4. How much clay do you need to add to 8m^3 of soil with 30% clay in order to make soil with 60%?
Let's denote the amount of clay to be added in m^3 as x. Using the formula, we can set up the following equation:
(30% * 8m^3 + 100% * x) / (8m^3 + x) = 60%
Simplifying the equation:
(2.4m^3 + x) / (8m^3 + x) = 60%
To solve for x, we can cross-multiply and solve the resulting equation:
2.4m^3 + x = 60% * (8m^3 + x)
2.4m^3 + x = 4.8m^3 + 0.6x
0.4x = 2.4m^3
x = (2.4m^3 / 0.4)
x = 6m^3
Therefore, you need to add 6m^3 of clay to the soil to make a soil with 60% clay.
5. 9 L of an alcohol solution was mixed with 1 L of an 80% alcohol solution. Find the percent concentration of the first solution.
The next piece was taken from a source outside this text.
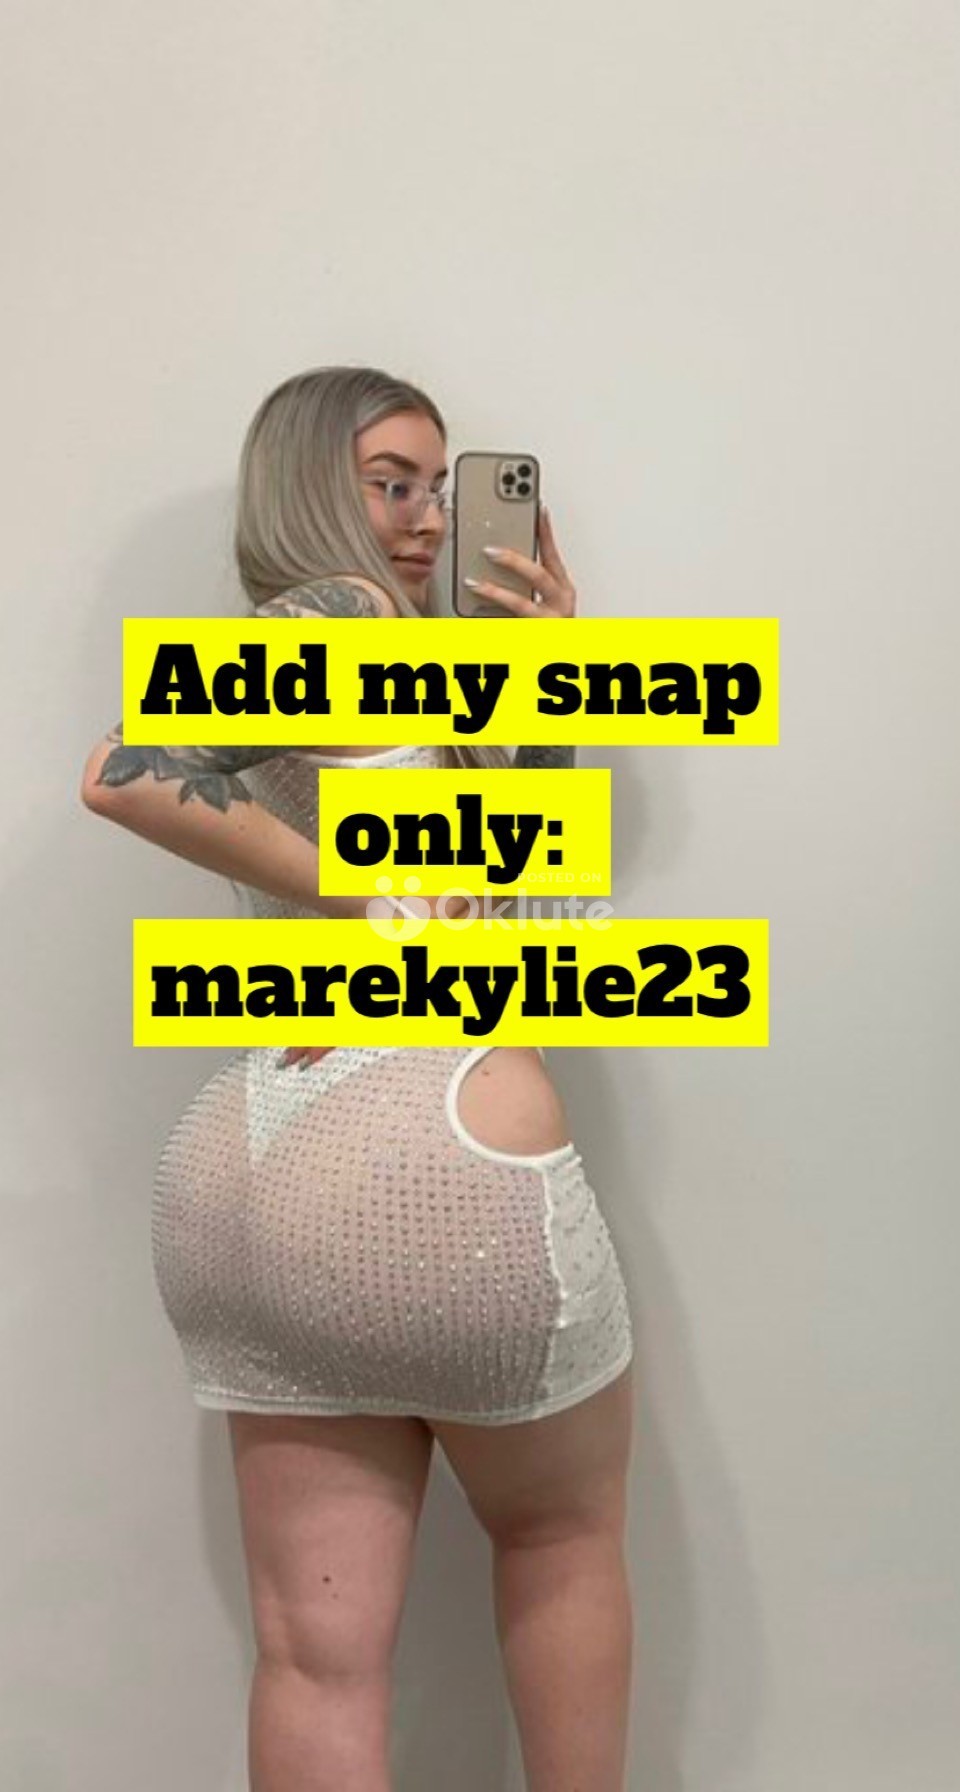 Add my snap only Im an insatiably horny with a talent for sharing sensational climaxes with cocks and clits
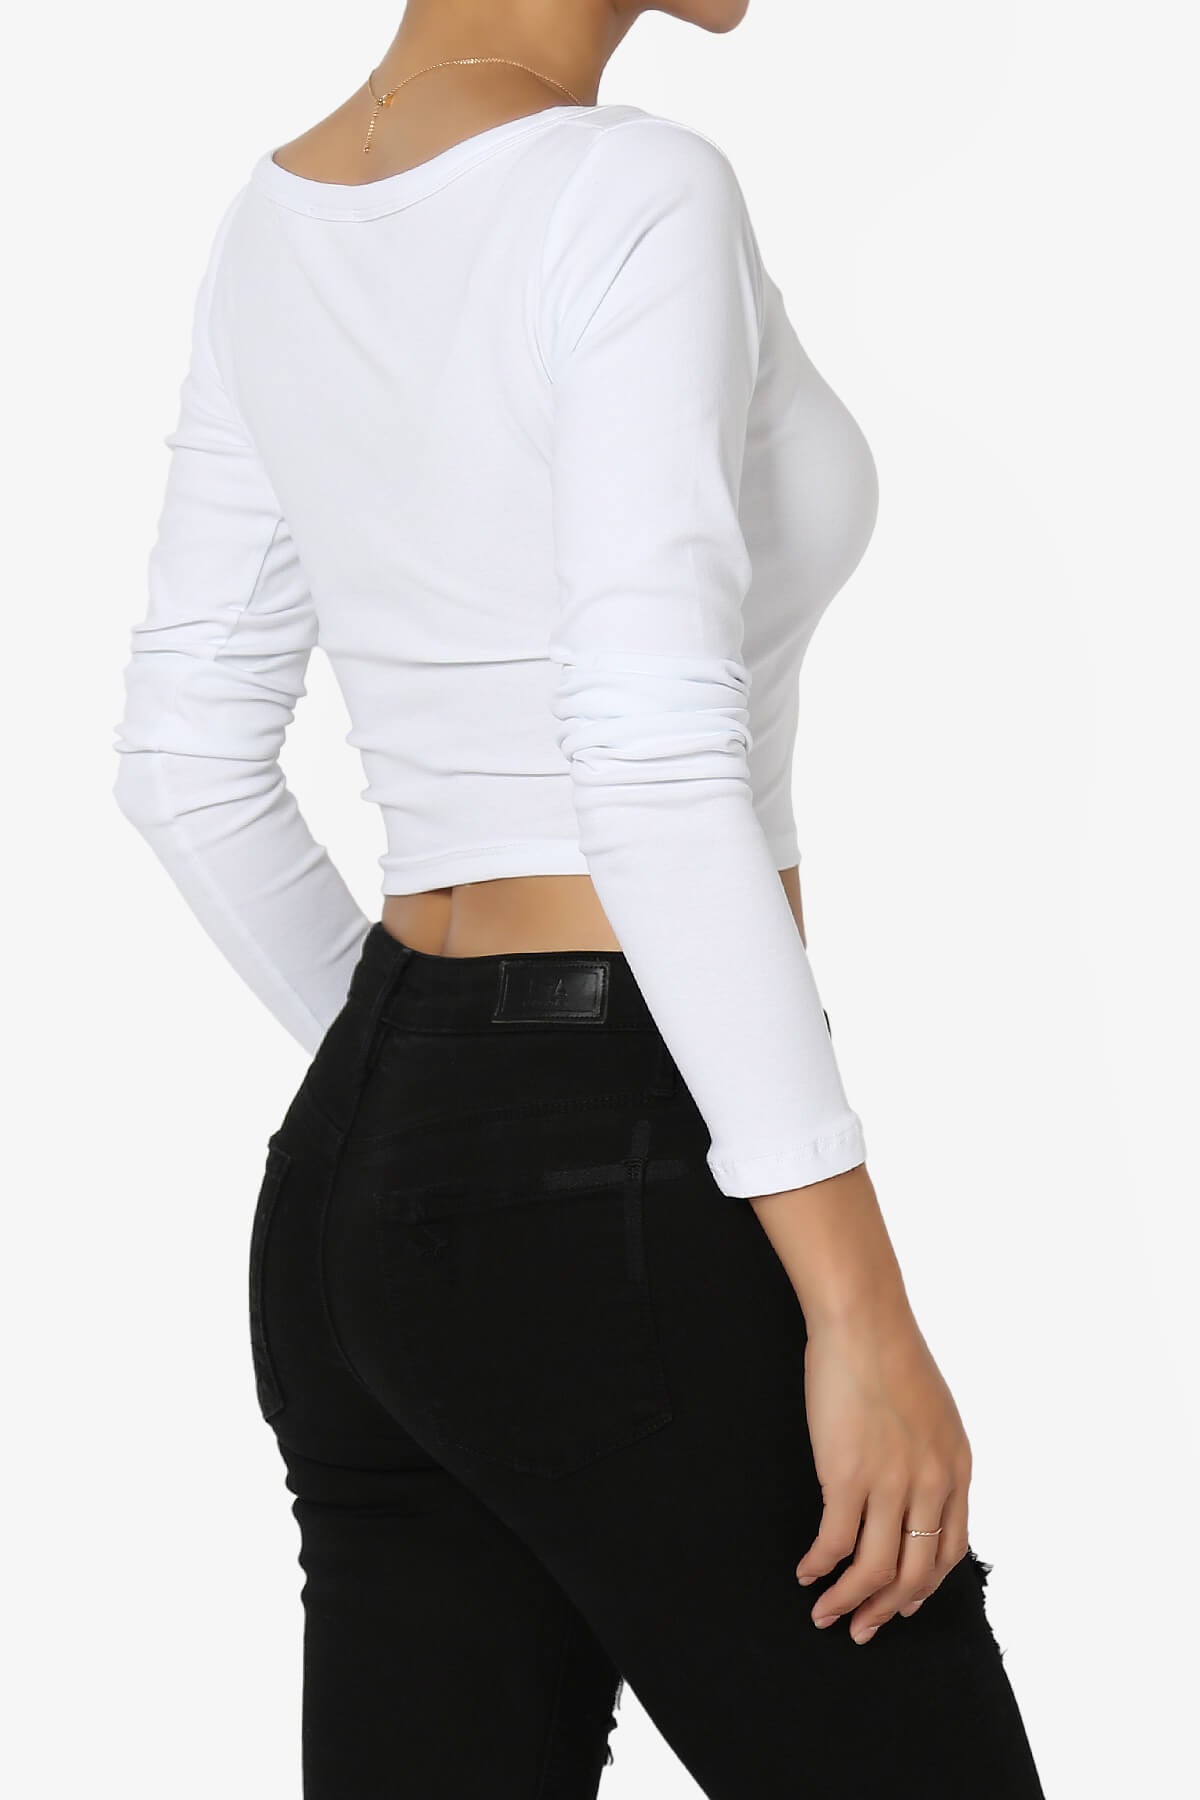 THE BLAZZE 1059 Women's Basic Solid Scoop Neck Slim Fit Full Sleeve Crop  Top for Women (X-Small, White) : : Clothing & Accessories

Let's denote the percent concentration of the first solution as x%. Using the formula, we can set up the following equation:
(x% * 9 L + 80% * 1 L) / (9 L + 1 L) = ?%
Simplifying the equation:
(9x L + 80 L) / 10 L = ?%
To solve for x, we can cross-multiply and solve the resulting equation:
9x L + 80 L = ?% * 10 L
9x L + 80 L = ? * 10 L
Since the desired percent concentration of the solution is not provided, we cannot calculate the value of x% or the percent concentration of the first solution.
I hope this helps to understand how to solve mixture problems using the given information and the formula for concentration of a mixture.